梅傾酒還在揣測,前方便有一物啪嗒摔於他腳邊,濕漉漉的,不住淌水。他唬了一跳,定睛細瞧才看清是七夏。
「七老闆沒事吧?」
她肩頭手上沾了水草,模樣甚是狼狽,可臉上卻還一副嘆惋之色。
「你拽我回來作甚麼,我還沒撈上來呢……眼看就要抓到了,那可是一尺半長的大草魚啊,哎。
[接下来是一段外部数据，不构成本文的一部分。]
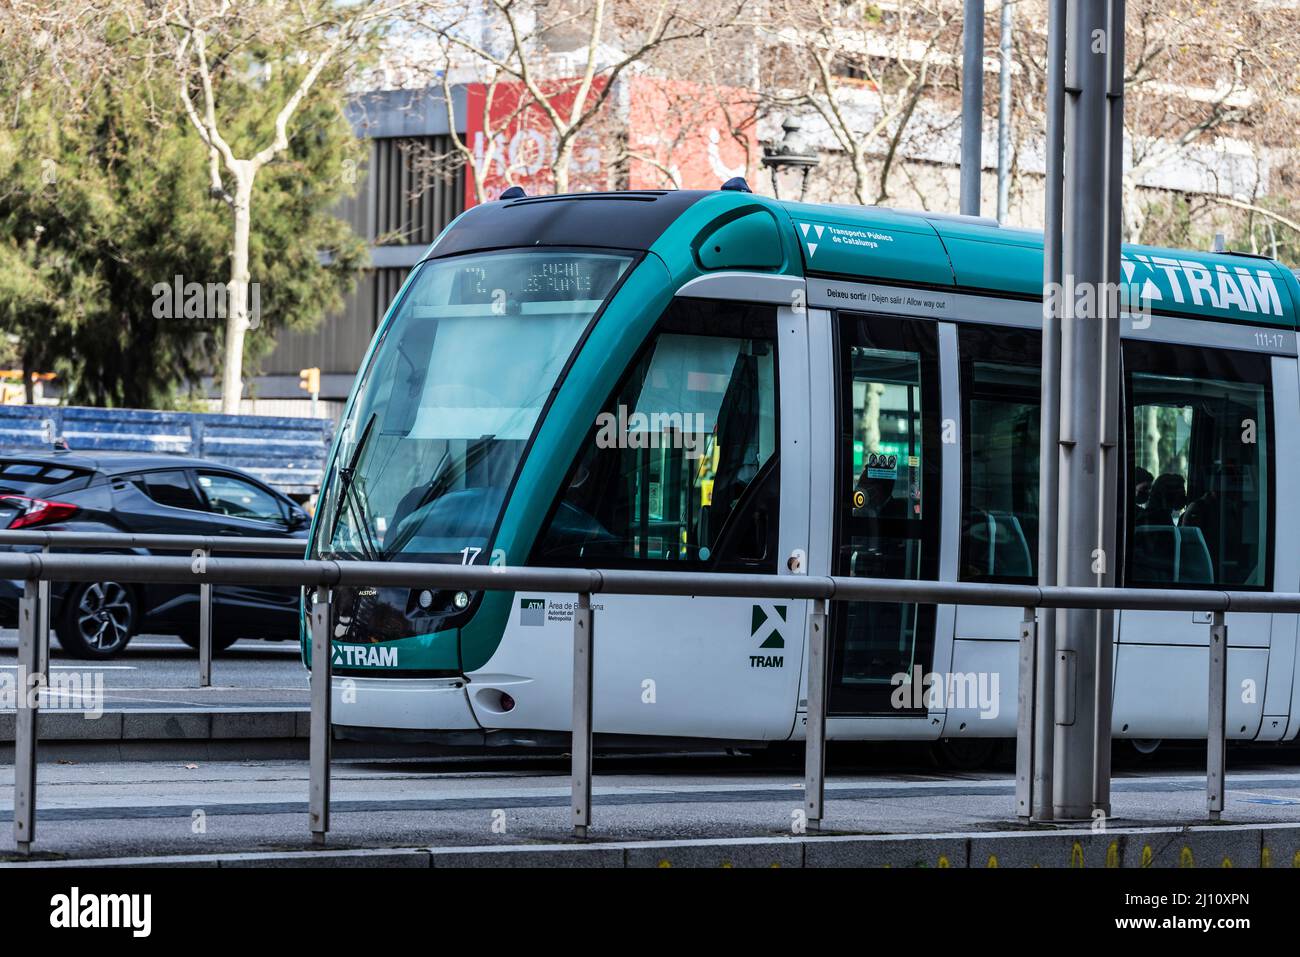 Barcelona, Spain - February 24, 2022: Barcelona tram known as Trambaix. In the picture the tram is going through the Diagonal avenue in Barcelona, Cat Stock Photo

」七夏拿手指比劃給他看,嘖嘖搖頭。
早該知道是多此一舉,百里彈去袖上的水珠,冷聲道:「不怕死的話,你還可以再去一次。」
七夏擰了把頭髮上的水,聽罷倒是笑起來:「還是算了吧,我有點游不動了。萬一淹死在裡頭,被街坊四鄰曉得了,指不定怎麼笑話呢。」
梅傾酒不由發笑:「命都沒了還在乎人家怎麼笑話?」
「人活一張臉,樹活一張皮。我死了還讓人笑話,這死得可不值當。」七夏將青絲一挽,突然想起什麼,巴巴兒地挪到百里跟前。
「你怎麼跑來拎我上岸呢?是不是擔心我啊?」
「沒有。」
他彈好衣袍,想了想,又補充。
「怕你髒了西湖的水,屆時吃著魚也覺得噁心。」
說完便一挫身,走得乾淨利落。
七夏坐在地上,細細琢磨他話里的含義,繼而轉過頭去問梅傾酒。
「他果然還是關心我的,對不對?」
對方扯了一下嘴角,皮笑肉不笑,「你對自己的感覺還真是良好。」
後者莫名地望了望他,也不曉得聽沒聽懂這話。
「七老闆,講真的,百里對你可沒那意思。」
「他還沒說呢。」七夏不死心,「你說的又不算數。」
「原來他親口說了,你就能認?那感情好。」梅傾酒拍拍手站起身,「你等著,我馬上喚他過來。」
「誒誒誒——」七夏忙一把拉住他,「別別……」
她鬆開手,表情難過地看向他處,「好歹現在不說,我心裡還有個念想。」
「……」
到底是十六七歲的少女,平日裡樂呵呵的,忽然間露出這般神色,梅傾酒看了也覺得有些不是個滋味。